Everything below from the line with "Подвесной светильник Maytoni" through the line with "I consigli per" should be copied exactly, and nothing else; leave out the pictures.
(Exercise materials)
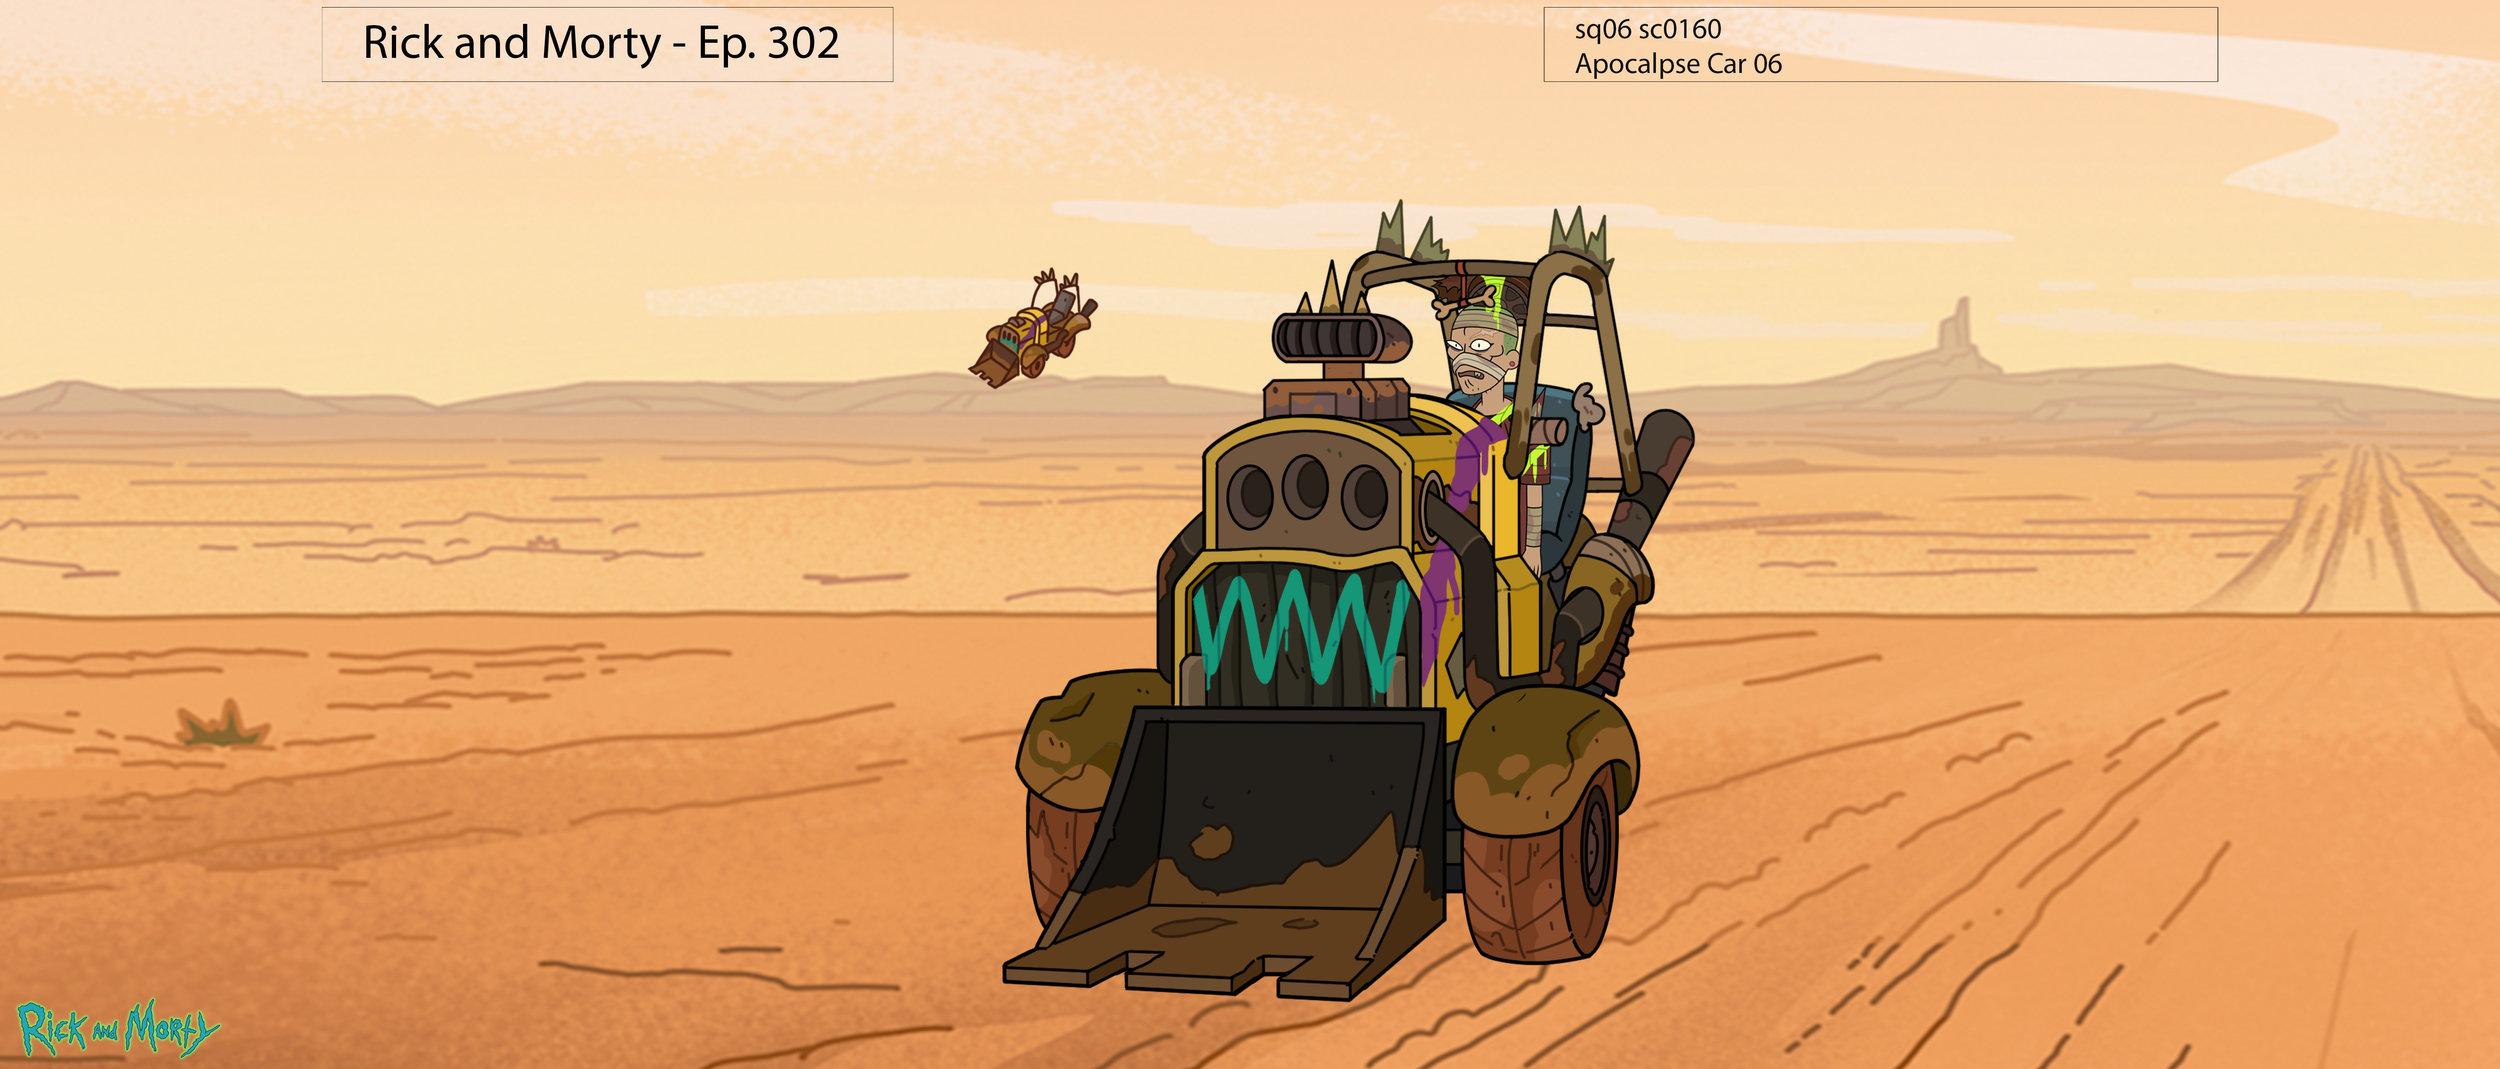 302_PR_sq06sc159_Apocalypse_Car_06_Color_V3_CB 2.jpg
(End Exercise materials)
(Exercise materials)
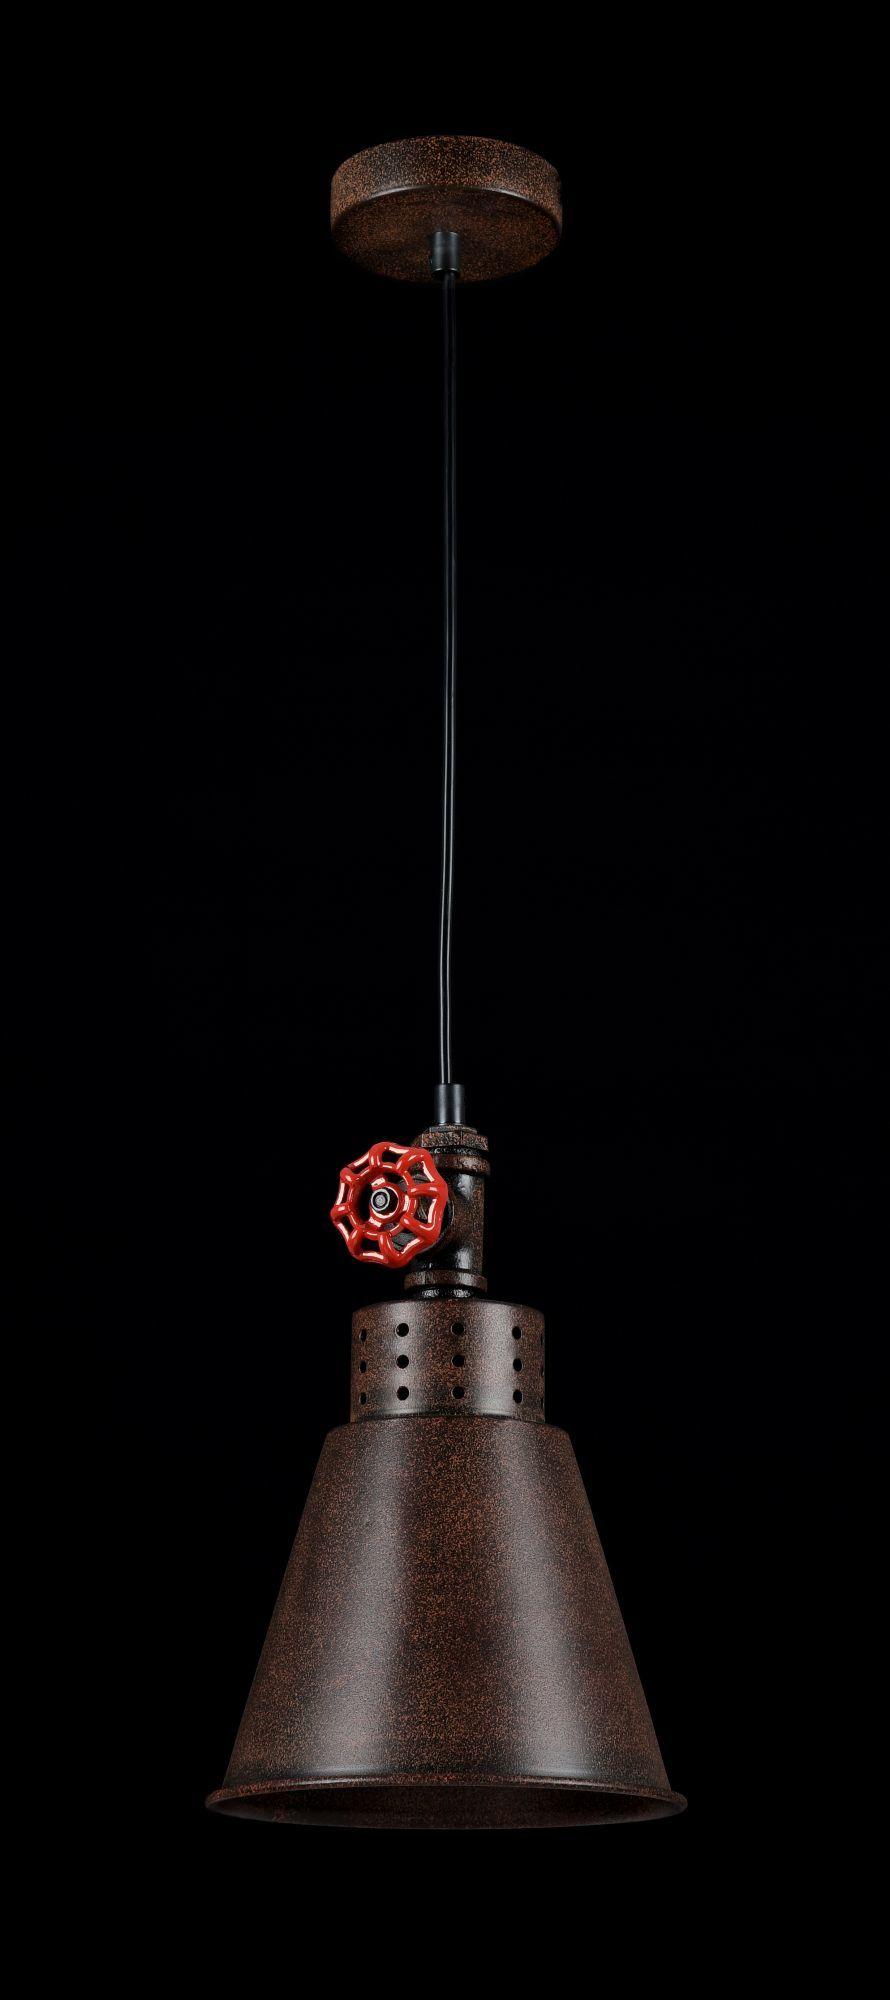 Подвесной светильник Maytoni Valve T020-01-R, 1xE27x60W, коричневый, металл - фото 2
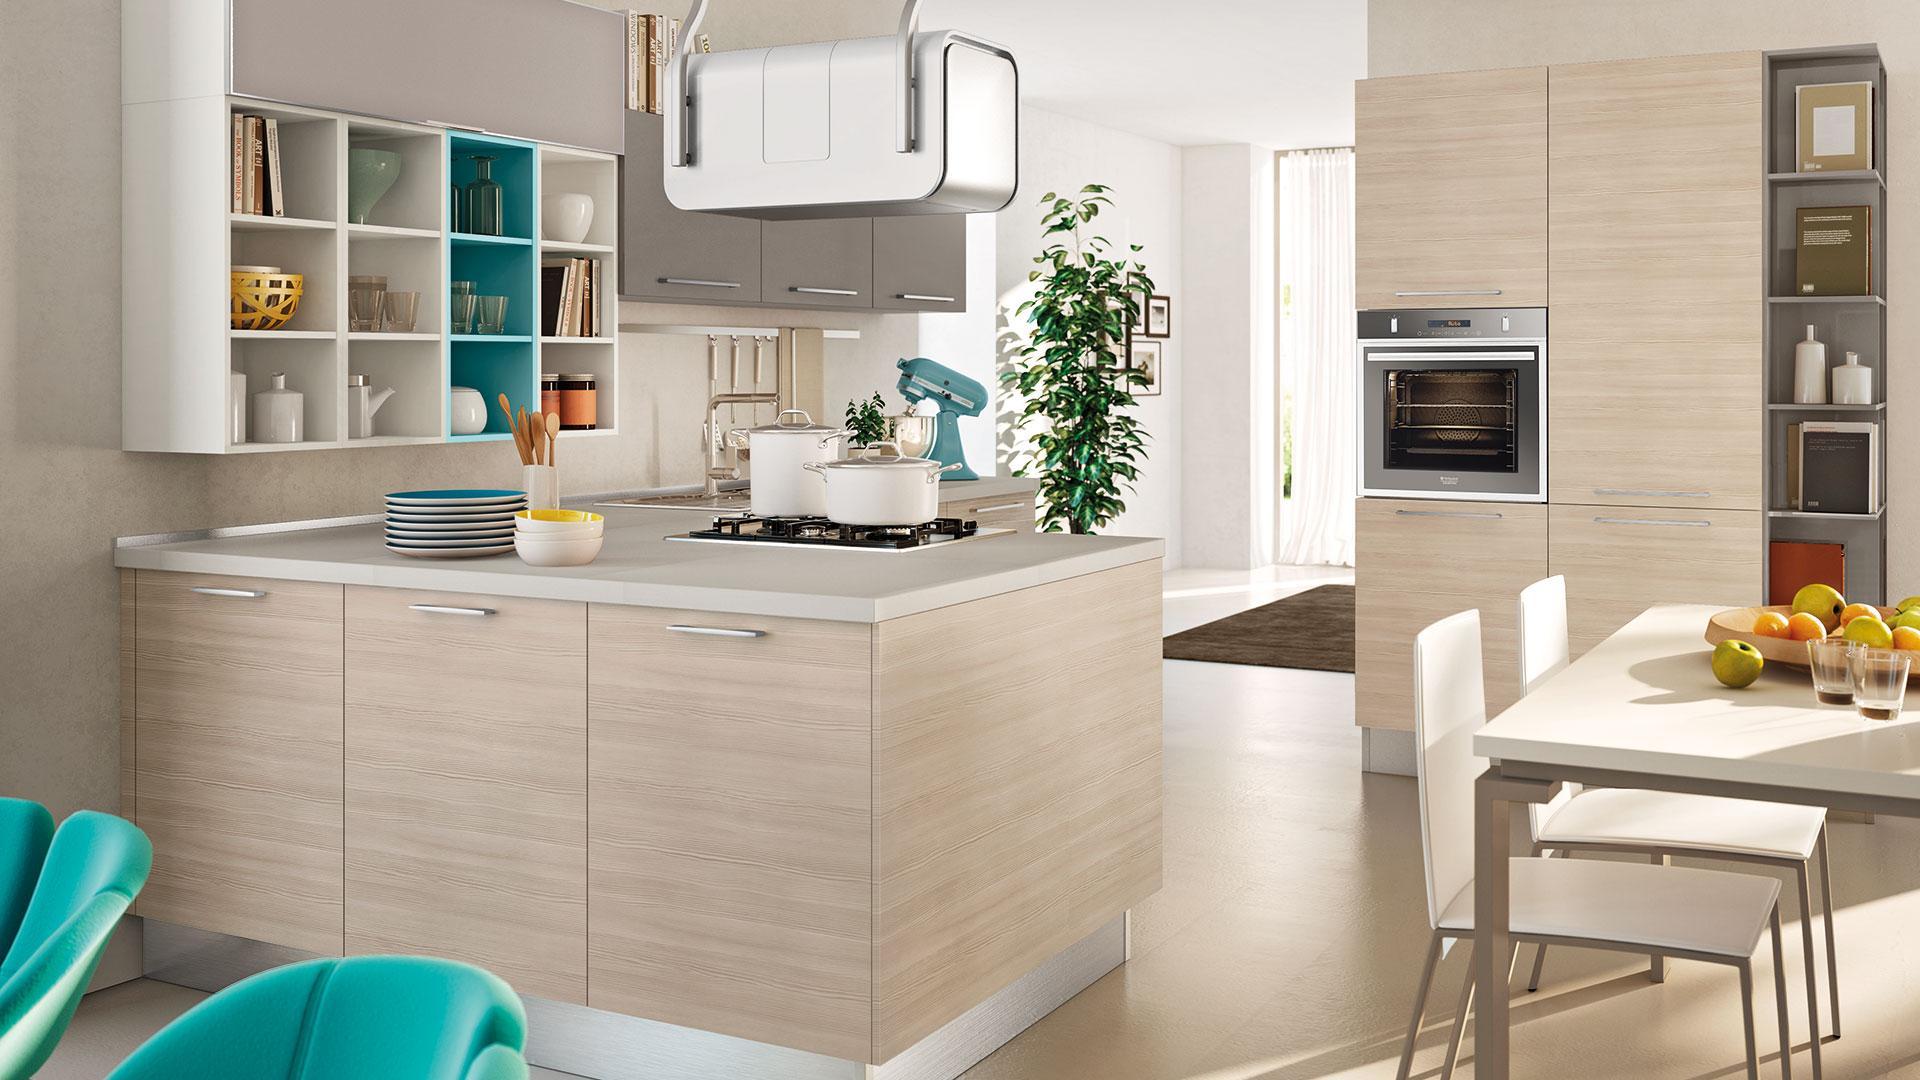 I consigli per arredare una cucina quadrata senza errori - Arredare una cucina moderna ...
(End Exercise materials)
(Exercise materials)
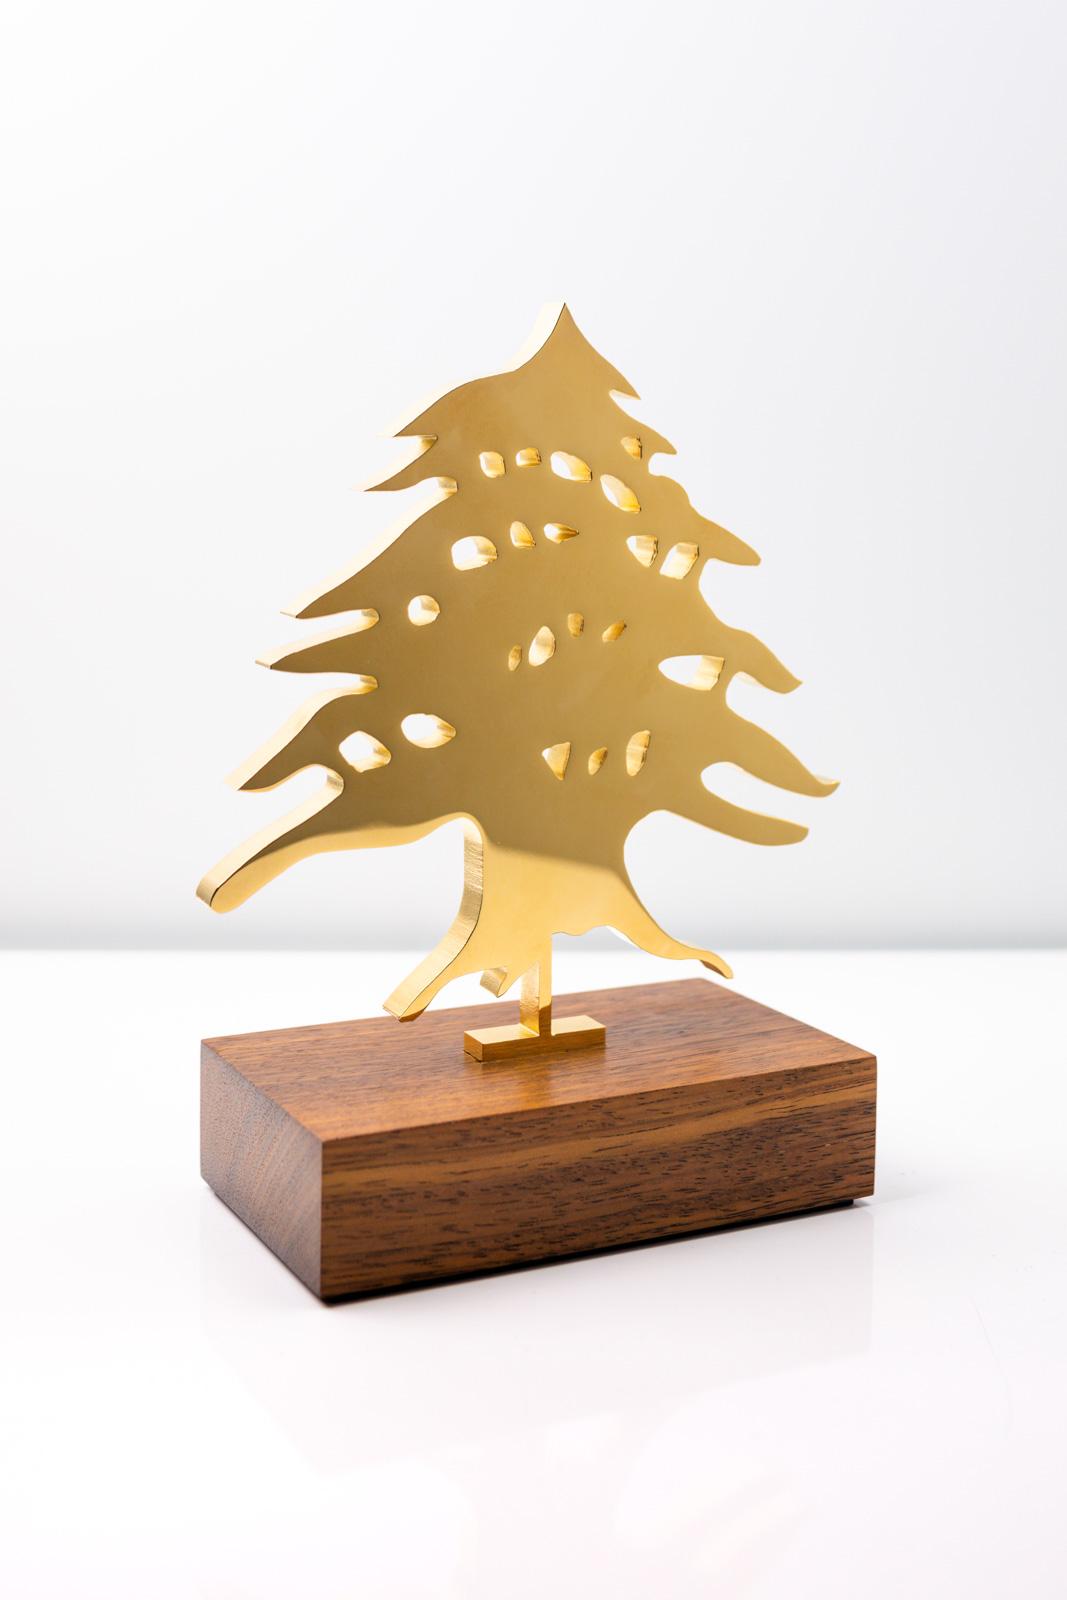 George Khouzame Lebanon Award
(End Exercise materials)
Answer space —
 Подвесной светильник Maytoni Valve T020-01-R, 1xE27x60W, коричневый, металл - фото 2
 I consigli per arredare una cucina quadrata senza errori - Arredare una cucina moderna ...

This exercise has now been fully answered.